The name 'Karst' comes from the Slovenian Karst Plateau9,10. We can define karst as terrain with distinctive hydrology and landforms that arise from a combination of high rock solubility and well-developed secondary (fracture) porosity11. Karst is found not only on the surface but also below it, including dissolution features such as caves, voids, sinking springs, and underground springs and rivers. Carbonate rocks, such as limestone, are the most typical lithology in which karst landscapes are created, due to their solubility9. In most cases, carbonate rocks are dissolved by slightly acidic water infiltrating the rock. The acidity primarily derives from CO2 present in the air and soil, which slowly dissolves into meteoric water, reducing its pH and increasing its corrosion capability10. According to the analysis, 15.2% of the global ice-free continental surface is characterized by soluble carbonate rock, representing potential karst aquifers with surface or near-surface exposure. China is the country with the largest karst surface area, 2.55 million km2, corresponding to 26.5% of the land surface12,13,14.
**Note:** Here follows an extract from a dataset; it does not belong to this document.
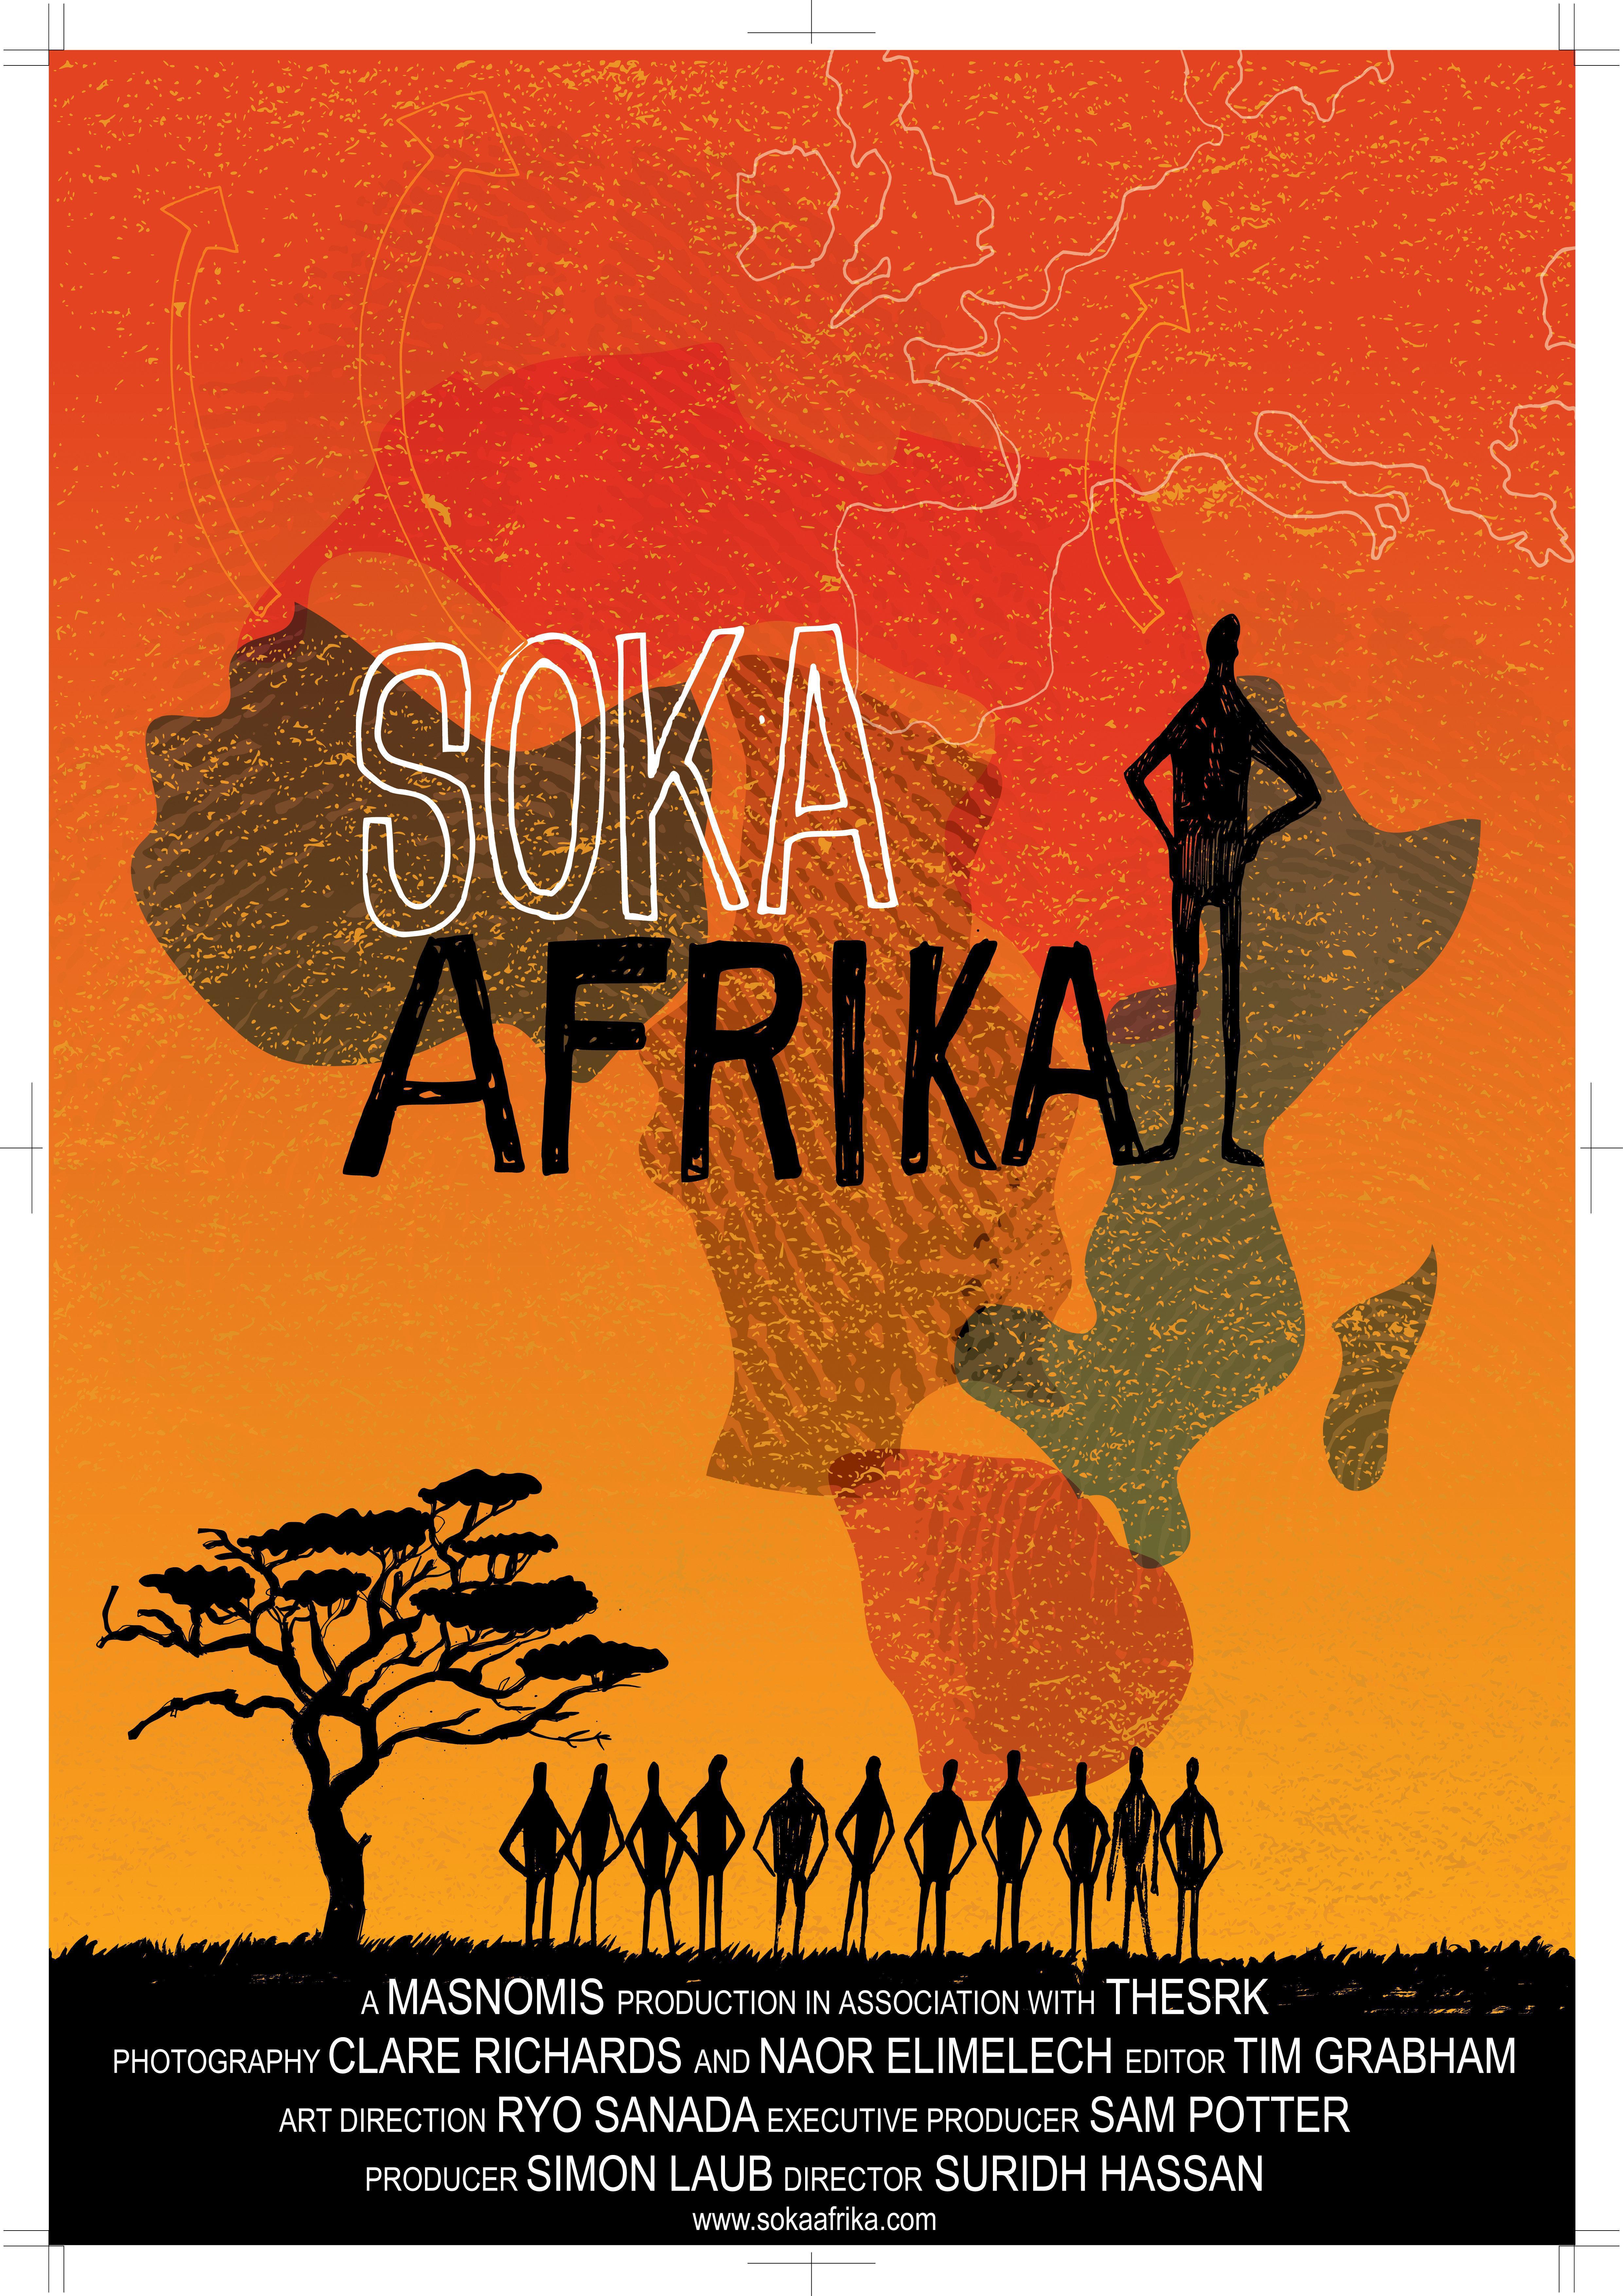 Soka Afrika

Caves contain unique and irreplaceable geological evolutionary landscapes and cultural historical relics, offering significant value for both observation and scientific research15. For instance, the rock structures and mineral deposits in some caves provide geologists with crucial clues about crustal movements and ancient climates. The cultural relics found in caves, such as traces of ancient human habitation and rock paintings, are invaluable for archaeological and historical studies16. With the growth of tourism, more natural caves are being developed as tourist attractions. This not only allows the public to experience nature and the magical beauty of caves but also boosts local economies. However, the development and use of caves also face the challenge of balancing protection and exploitation. Excessive commercialization can cause irreversible damage to the natural environment and cultural relics of caves. The karst disturbance index (KDI) is a method for systematically and holistically measuring human disturbance to karst environments17,18,19.

In this context, the development of high-precision, real scene 3D models become particularly important. By creating an accurate and vivid digital replica, it not only offers visitors a new way to explore the caves, reducing the impact on their natural environment, but also provides scientists with an effective tool for studying and analyzing caves. Scientists can utilize this data to study the formation processes of caves or for various other purposes. Therefore, creating high-precision, real scene 3D models of cave landscapes, based on laser scanning and photogrammetry, holds significant practical and scientific value.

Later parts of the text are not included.